An object containing attributes:

statisticfloating point array or NumPy scalar

Spearman correlation coefficient

pvaluefloating point array NumPy scalar

The p-value - the probabilitiy of realizing such an extreme statistic value under the null hypothesis that two samples have no ordinal correlation. See alternative above for alternative hypotheses.

Warns:
ConstantInputWarning

Raised if an input is a constant array. The correlation coefficient is not defined in this case, so np.nan is returned.

Notes

spearmanrho was created to make improvements to SciPy’s implementation of the Spearman correlation test without making backward-incompatible changes to spearmanr.
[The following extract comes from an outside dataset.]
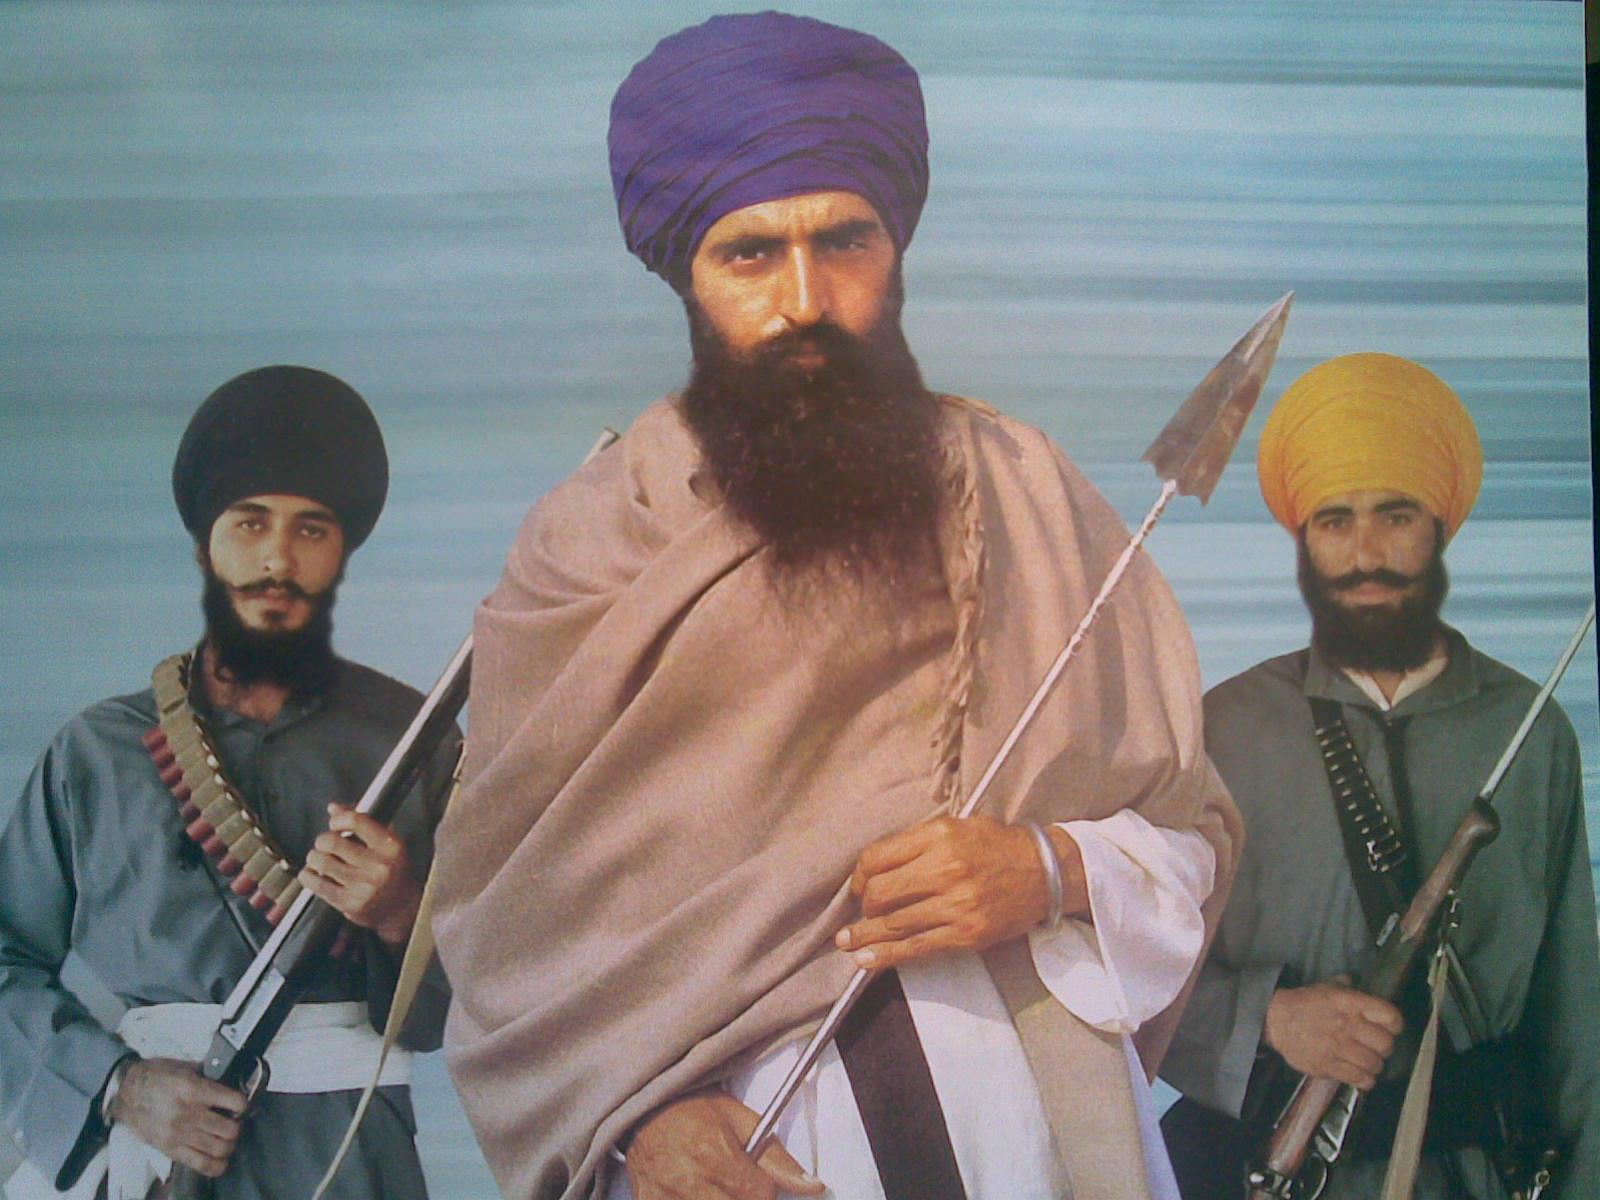 Sant Jarnail Singh Bhindranwale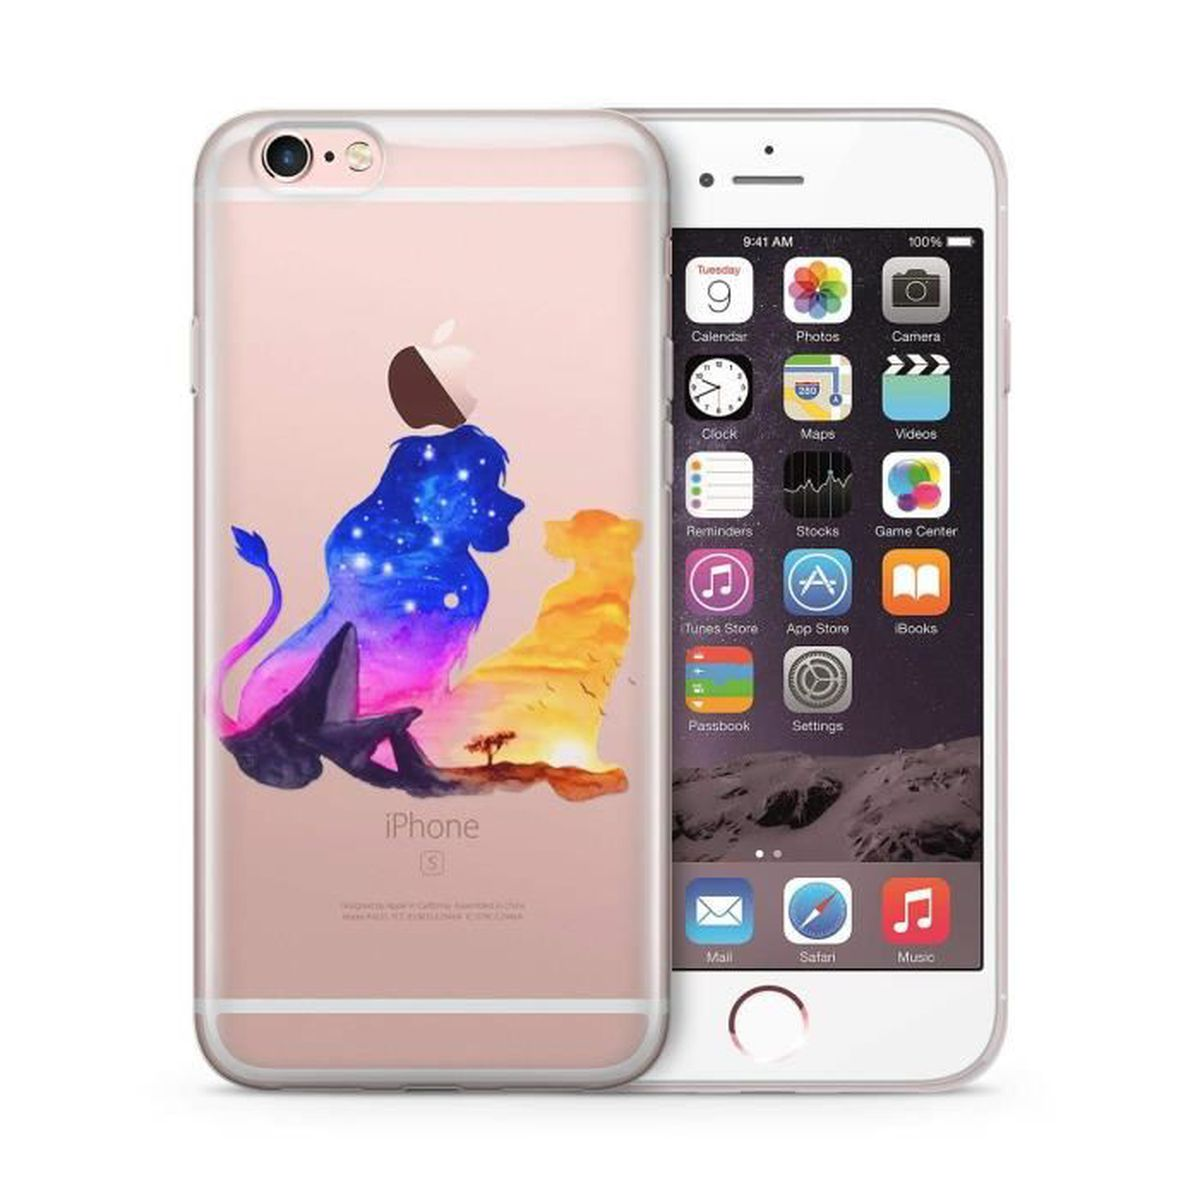 Coque iphone 4s en silicone lion

Advantages of spearmanrho over spearmanr include:

  • spearmanrho follows standard array broadcasting rules.

  • spearmanrho is compatible with some non-NumPy arrays.

  • spearmanrho can compute exact p-values, even in the presence of ties, when an appropriate instance of PermutationMethod is provided via the method argument.

Beginning in SciPy 1.9, np.matrix inputs (not recommended for new code) are converted to np.ndarray before the calculation is performed. In this case, the output will be a scalar or np.ndarray of appropriate shape rather than a 2D np.matrix. Similarly, while masked elements of masked arrays are ignored, the output will be a scalar or np.ndarray rather than a masked array with mask=False.

Array API Standard Support

spearmanrho has experimental support for Python Array API Standard compatible backends in addition to NumPy. Please consider testing these features by setting an environment variable SCIPY_ARRAY_API=1 and providing CuPy, PyTorch, JAX, or Dask arrays as array arguments. The following combinations of backend and device (or other capability) are supported.

Library

CPU

GPU

NumPy

n/a

CuPy

n/a

PyTorch

JAX

Dask

n/a

See Support for the array API standard for more information.

References

[1]

Zwillinger, D. and Kokoska, S. (2000). CRC Standard Probability and Statistics Tables and Formulae. Chapman & Hall: New York. 2000. Section 14.7

[2]

Kendall, M. G. and Stuart, A. (1973). The Advanced Theory of Statistics, Volume 2: Inference and Relationship. Griffin. 1973. Section 31.18

Examples

Univariate samples, approximate p-value.

>>> import numpy as np
>>> from scipy import stats
>>> x = [1, 2, 3, 4, 5]
>>> y = [5, 6, 7, 8, 7]
>>> res = stats.spearmanrho(x, y)
>>> res.statistic
np.float64(0.8207826816681233)
>>> res.pvalue
np.float64(0.08858700531354405)

Univariate samples, exact p-value.

>>> res = stats.spearmanrho(x, y, method=stats.PermutationMethod())
>>> res.statistic
np.float64(0.8207826816681233)
>>> res.pvalue
np.float64(0.13333333333333333)

Batch of univariate samples, one vectorized call.

>>> rng = np.random.default_rng()
>>> x2 = rng.standard_normal((2, 100))
>>> y2 = rng.standard_normal((2, 100))
>>> res = stats.spearmanrho(x2, y2, axis=-1)
>>> res.statistic
array([ 0.16585659, -0.12151215])
>>> res.pvalue
array([0.0991155 , 0.22846869])

Bivariate samples using standard broadcasting rules.

>>> res = stats.spearmanrho(x2[np.newaxis, :], x2[:, np.newaxis], axis=-1)
>>> res.statistic
array([[ 1.        , -0.14670267],
       [-0.14670267,  1.        ]])
>>> res.pvalue
array([[0.        , 0.14526128],
       [0.14526128, 0.        ]])